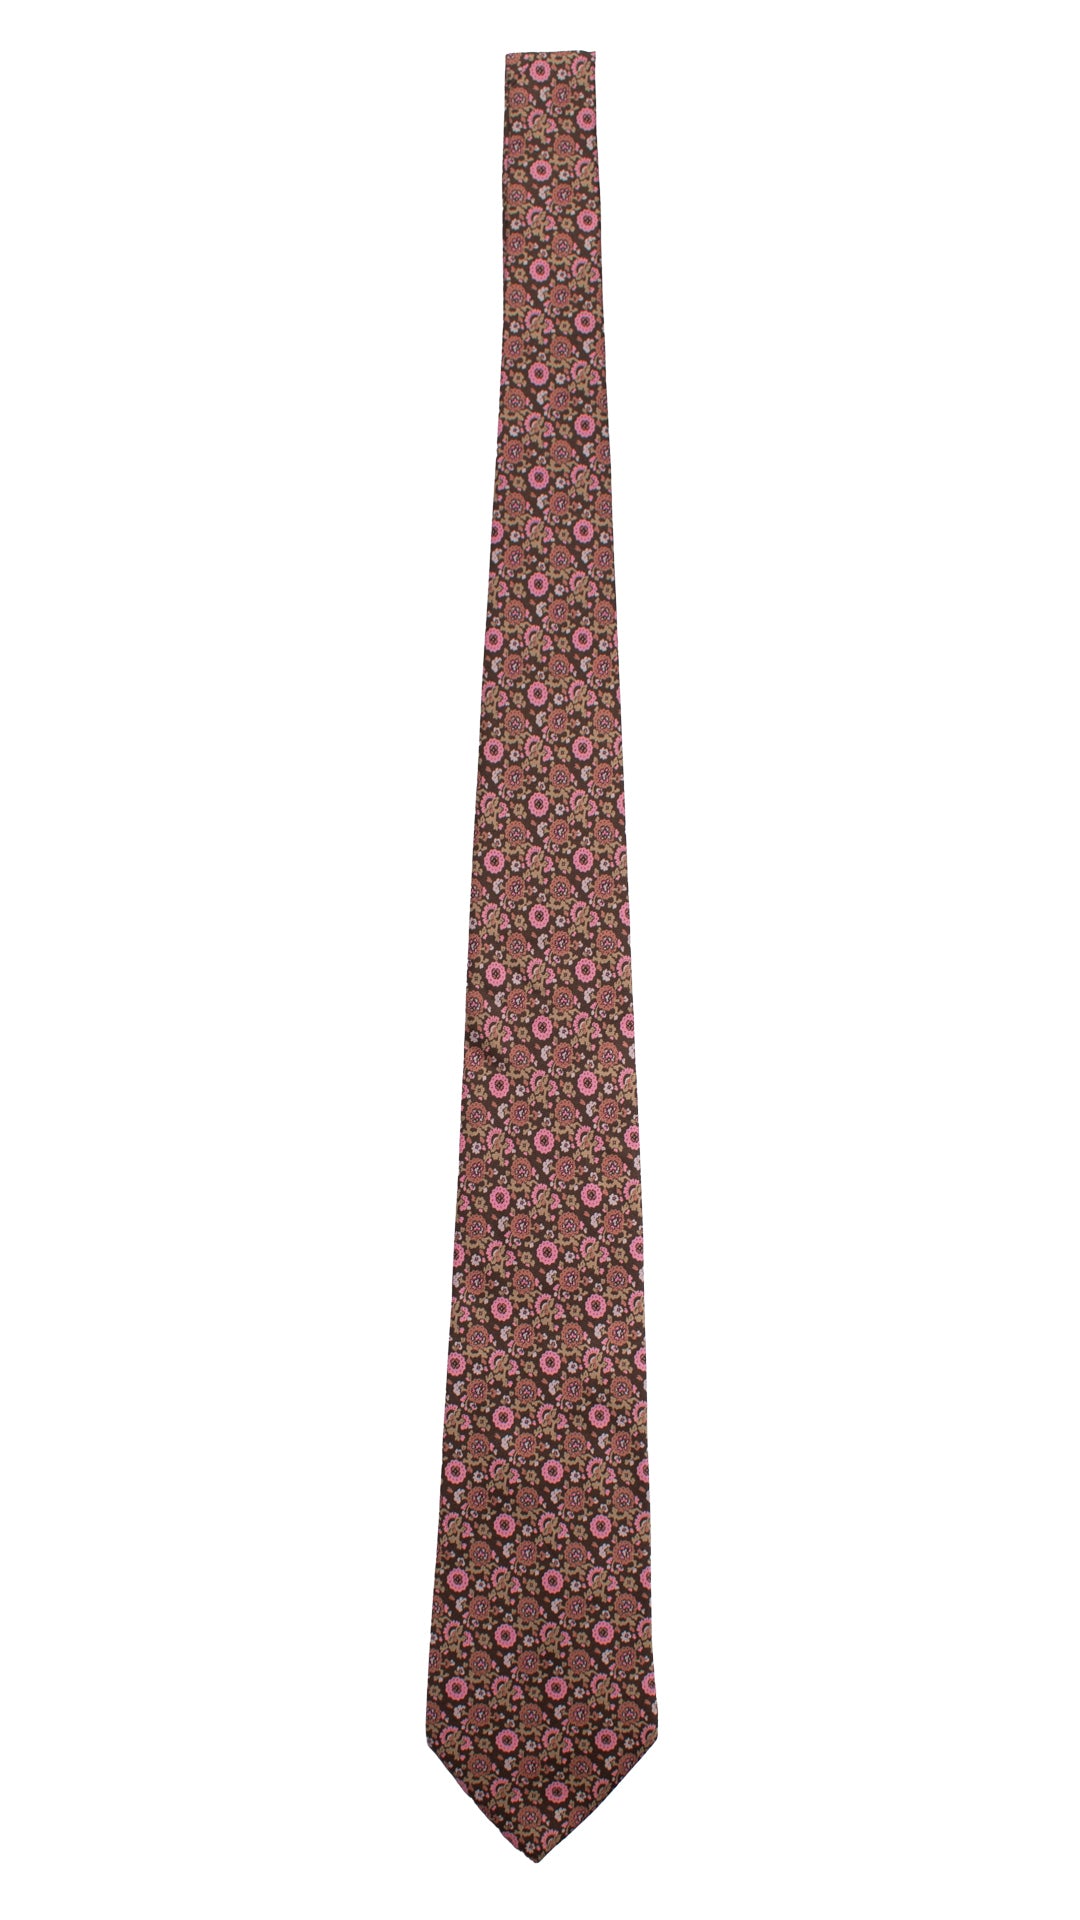 Cravatta Vintage in Twill di Seta Marrone A Fiori Rosa Rosa Antico Beige CV764 Intera
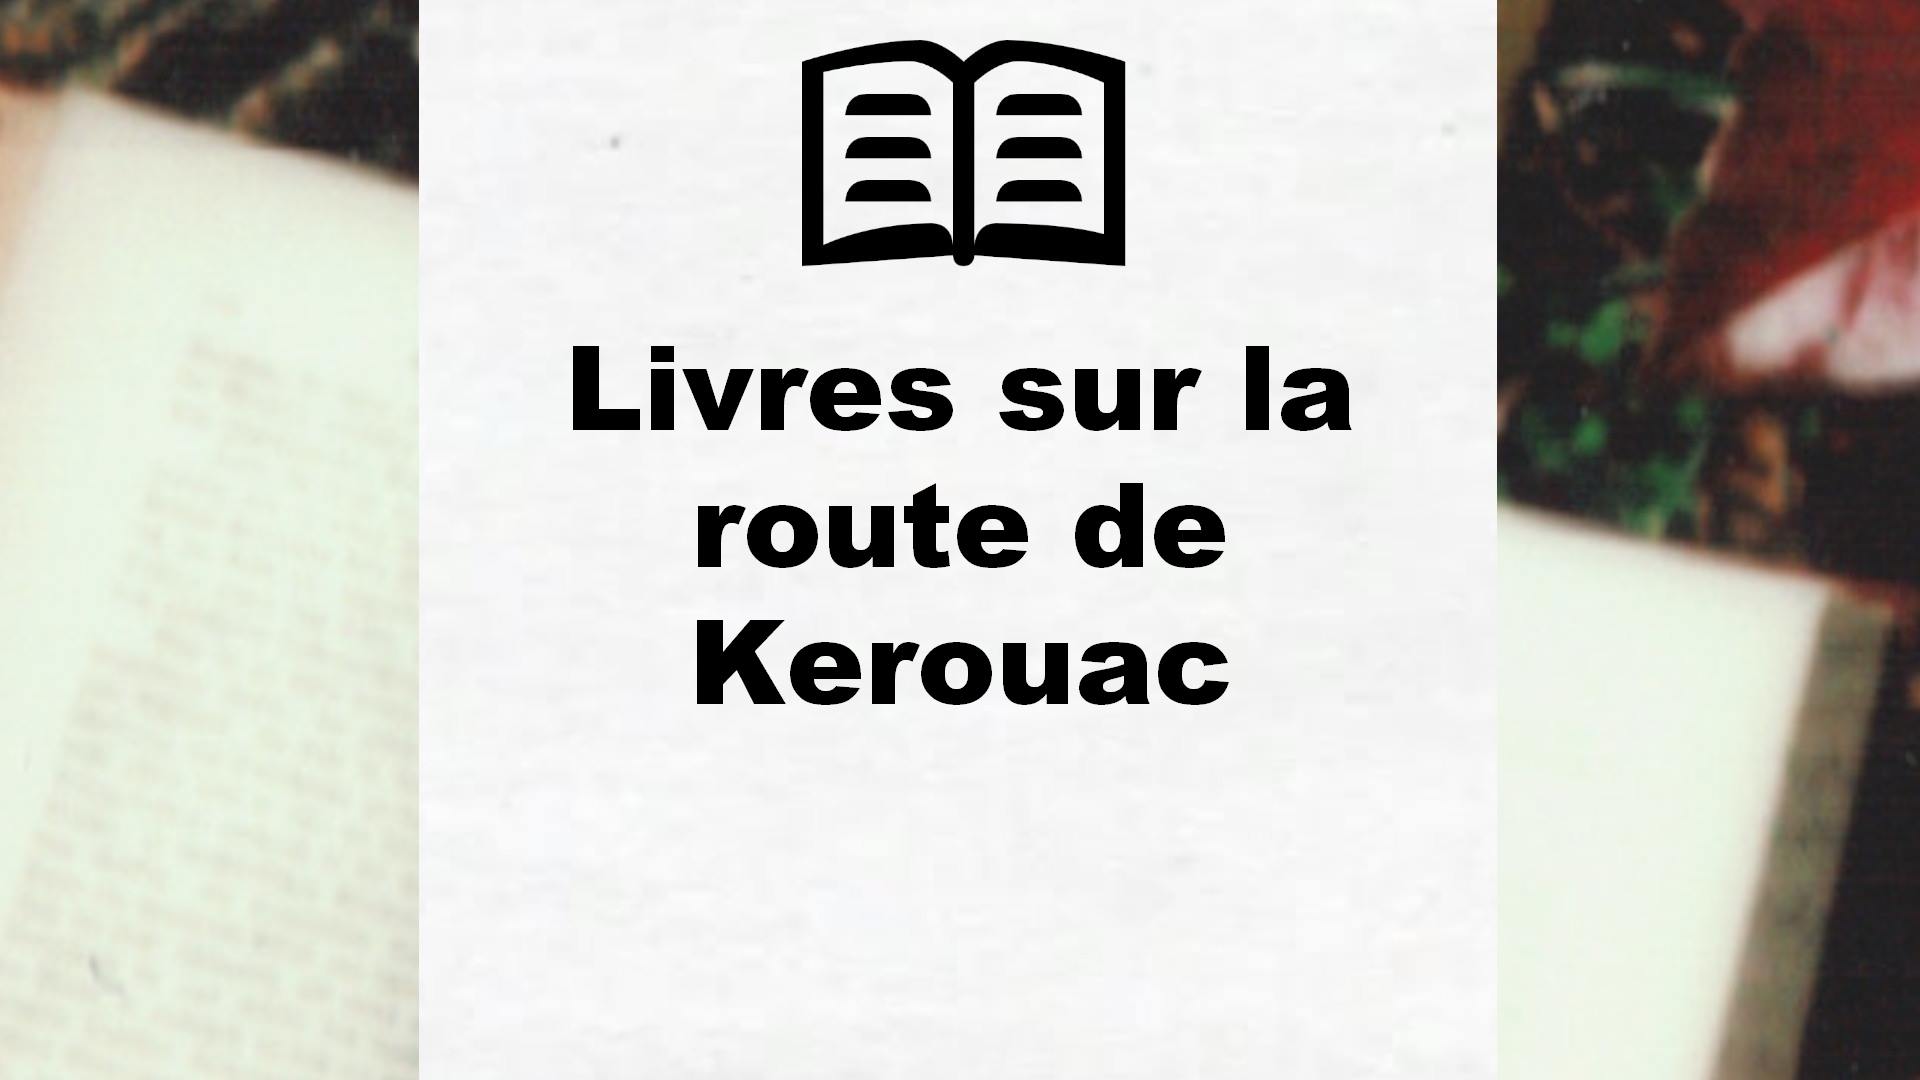 Livres sur la route de Kerouac
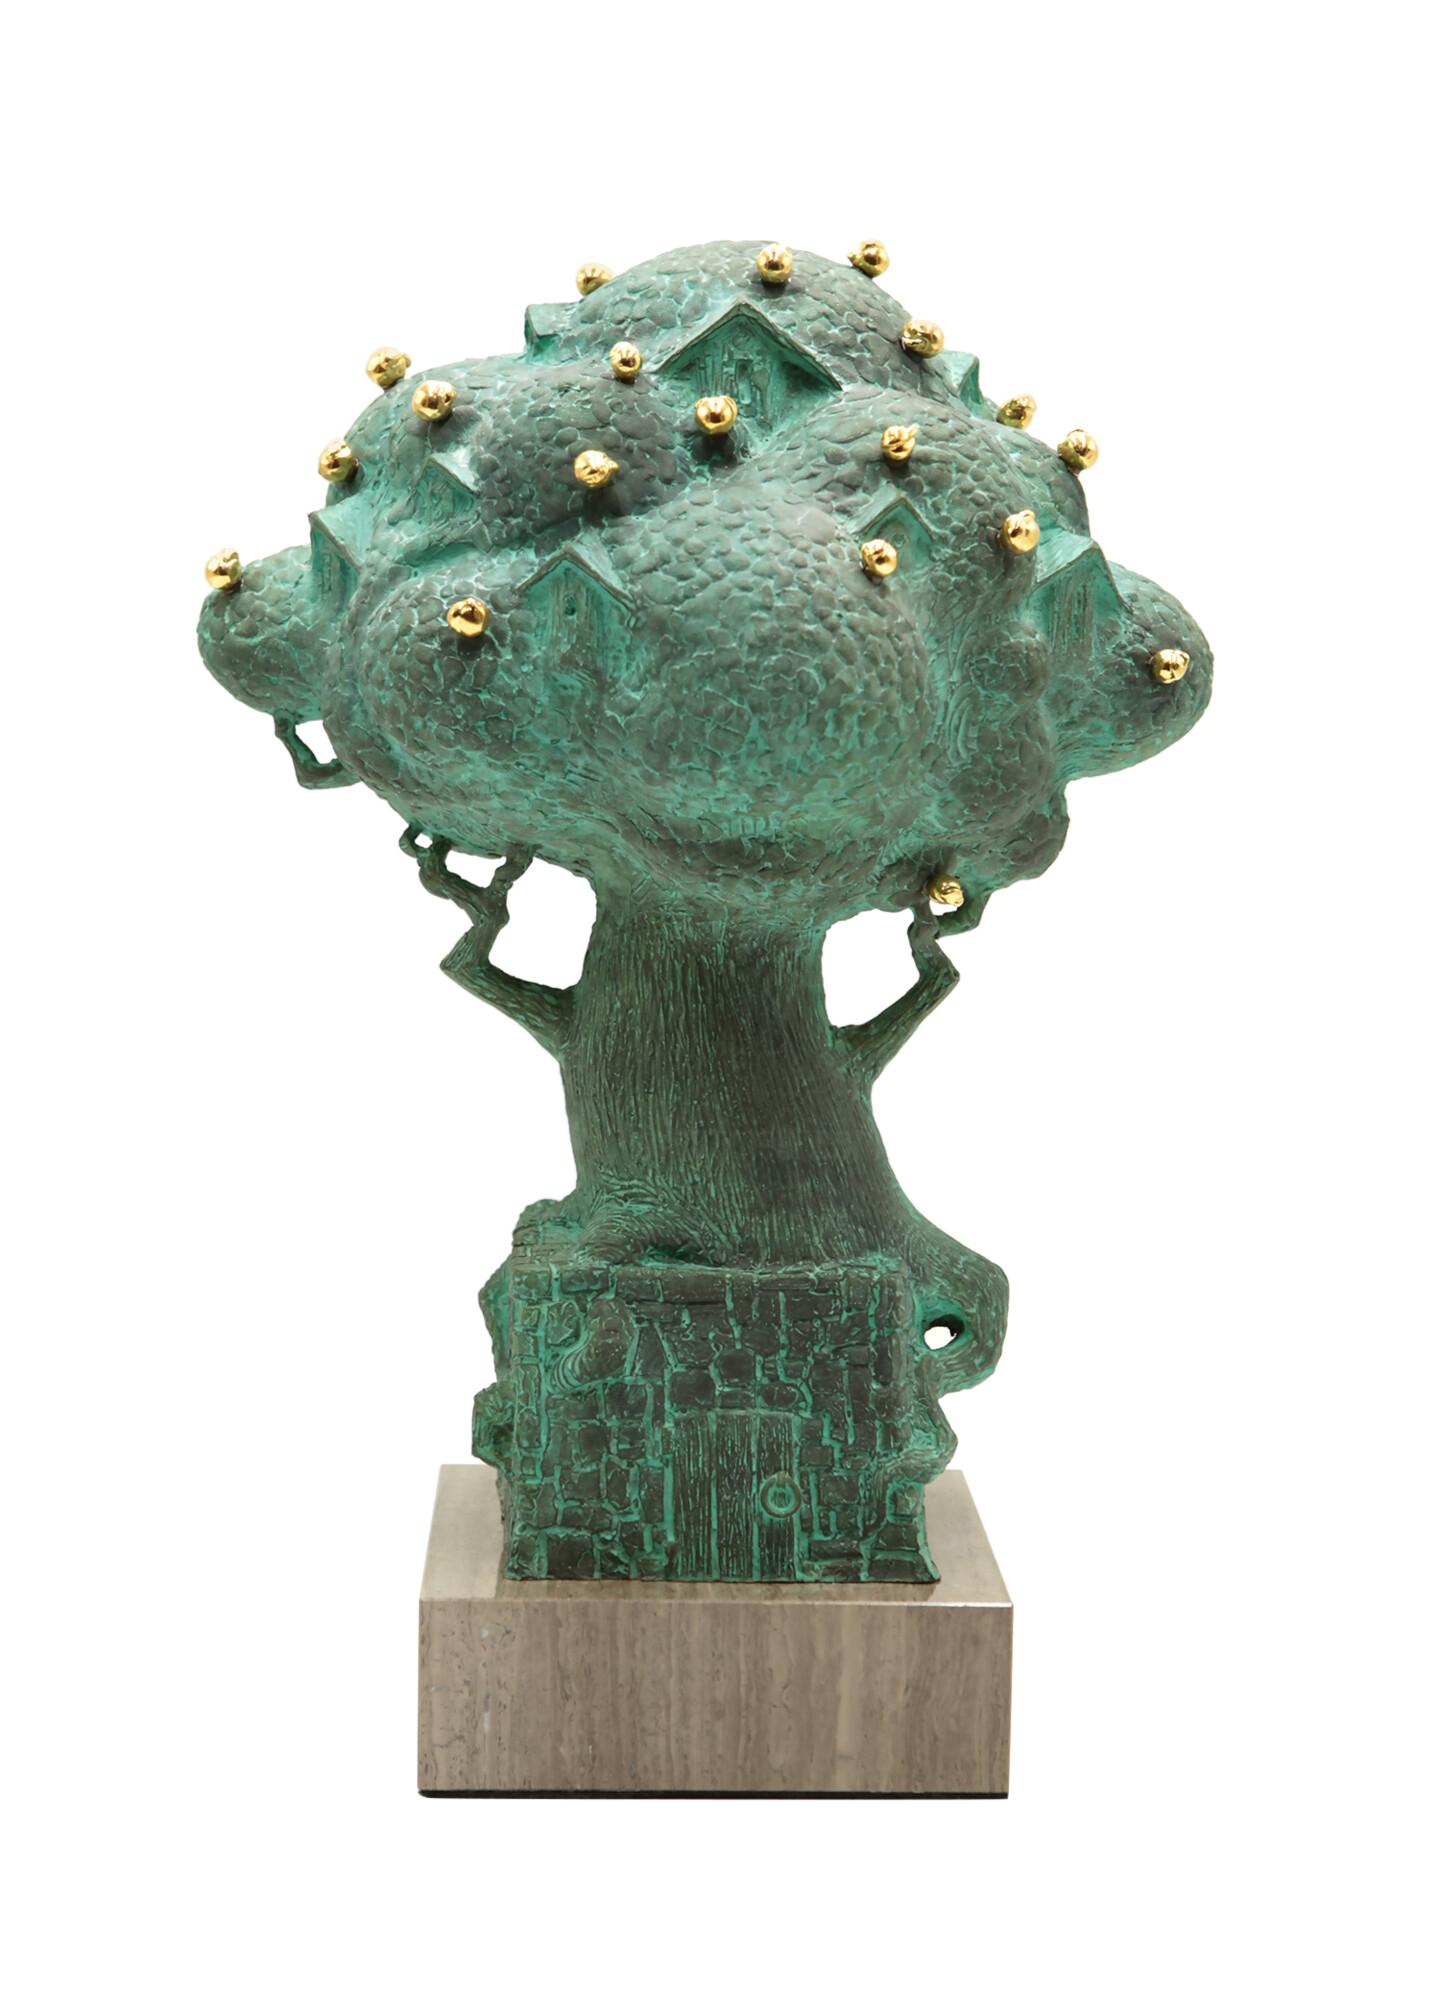 Volodymyr MYKYTENKO Figurative Sculpture – Paradiesbaum, Bronzeskulptur von Volodymyr Mykytenko, 2013

__________________________________________________

> _YOUR INSTRUCTIONS_: Reproduce the whole listing above word for word, but not its pictures.

> _ANSWER TO THE EXERCISE_:
 Cravatta Vintage in Twill di Seta Marrone A Fiori Rosa Rosa Antico Beige CV764 Intera
 Livres sur la route de Kerouac
 Volodymyr MYKYTENKO Figurative Sculpture – Paradiesbaum, Bronzeskulptur von Volodymyr Mykytenko, 2013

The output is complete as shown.